明暗法による強いコントラスト劇的な表現によって、現世における神性や、人間の内面ドラマチックに表現。その革新性は、大きな衝撃を与え、イタリアからヨーロッパ中に広まっていきます。


特徴 
コントラストの強い明暗描写・激しい動き・光の効果の追求・天井画の発達

カラッチ

アンニーバレ・カラッチ
Annibale Carracci
1560年11月3日~1609年7月15日

イタリア

兄や従妹とともにアカデミア(画塾)を設立。
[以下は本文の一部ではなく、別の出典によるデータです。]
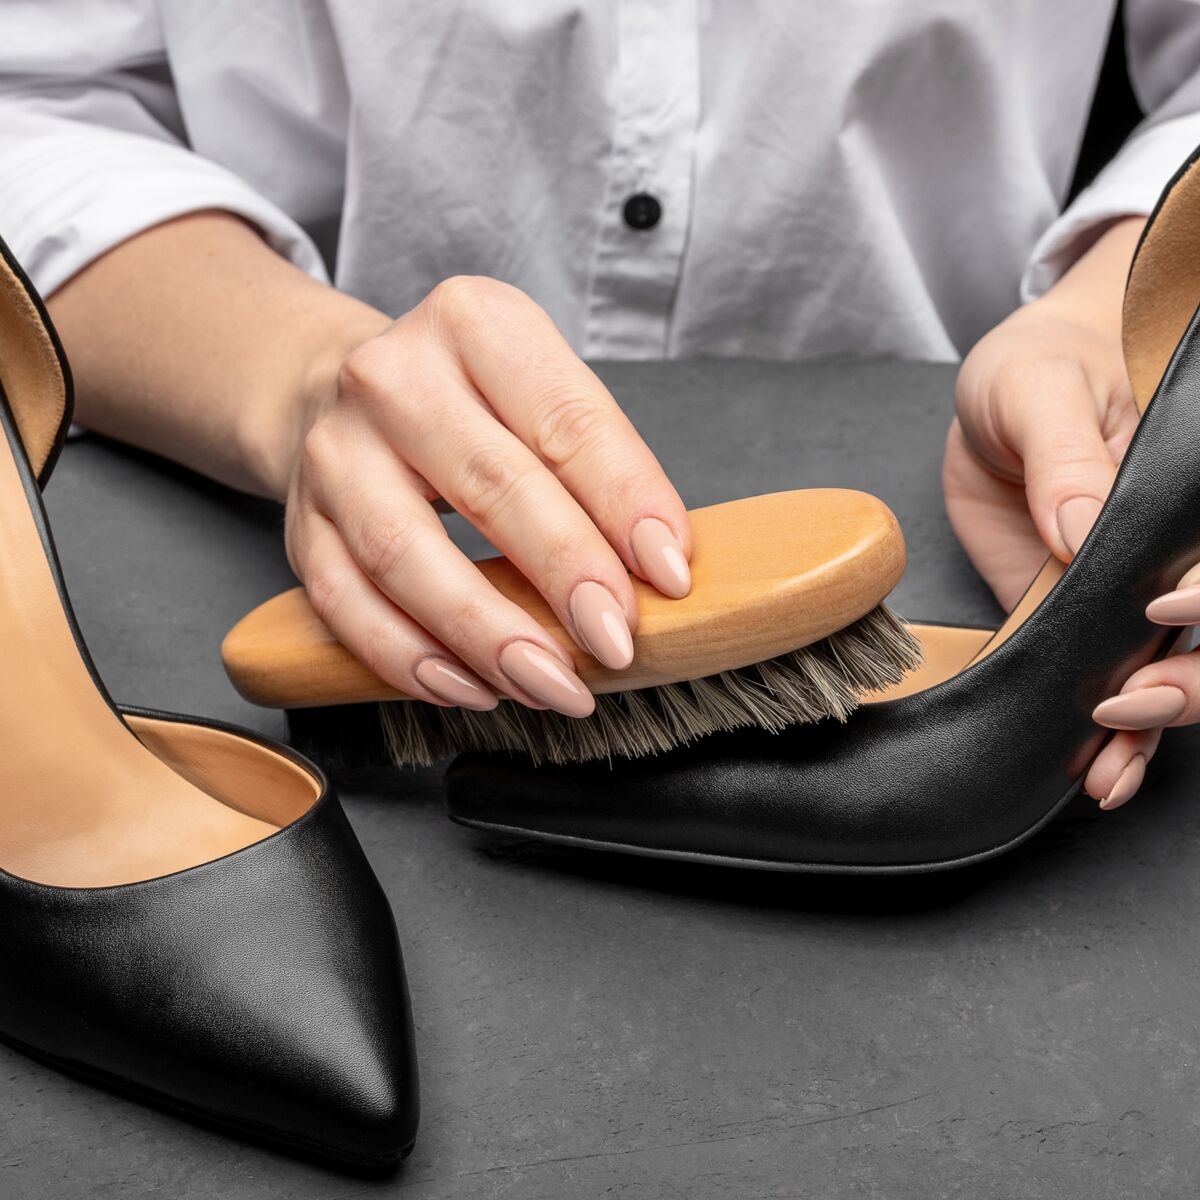 Velours, cuir, toile… Comment bien nettoyer ses chaussures

天井画から風俗画や古典的風景画など、幅広い作品を残しています。

《バッカスとアリアドネの勝利》

カラッチ バッカスとアリアドネの勝利

1597-1602年頃 フレスコ
ファルネーゼ宮殿 天井画(ローマ)

カラバッジョと人気を二分したカラッチの、バロック美術の規範のひとつとなる代表作。調和のとれた美しい天井画です。

酒神のバッカスが、クレタ島のミノス王の娘アリアドネを伴って凱旋した祝祭の様子。

3次元の立体空間のように思わせるイリュージョニズムの趣向は、その後バロック美術の成熟とともに、ダイナミックに発展していきます!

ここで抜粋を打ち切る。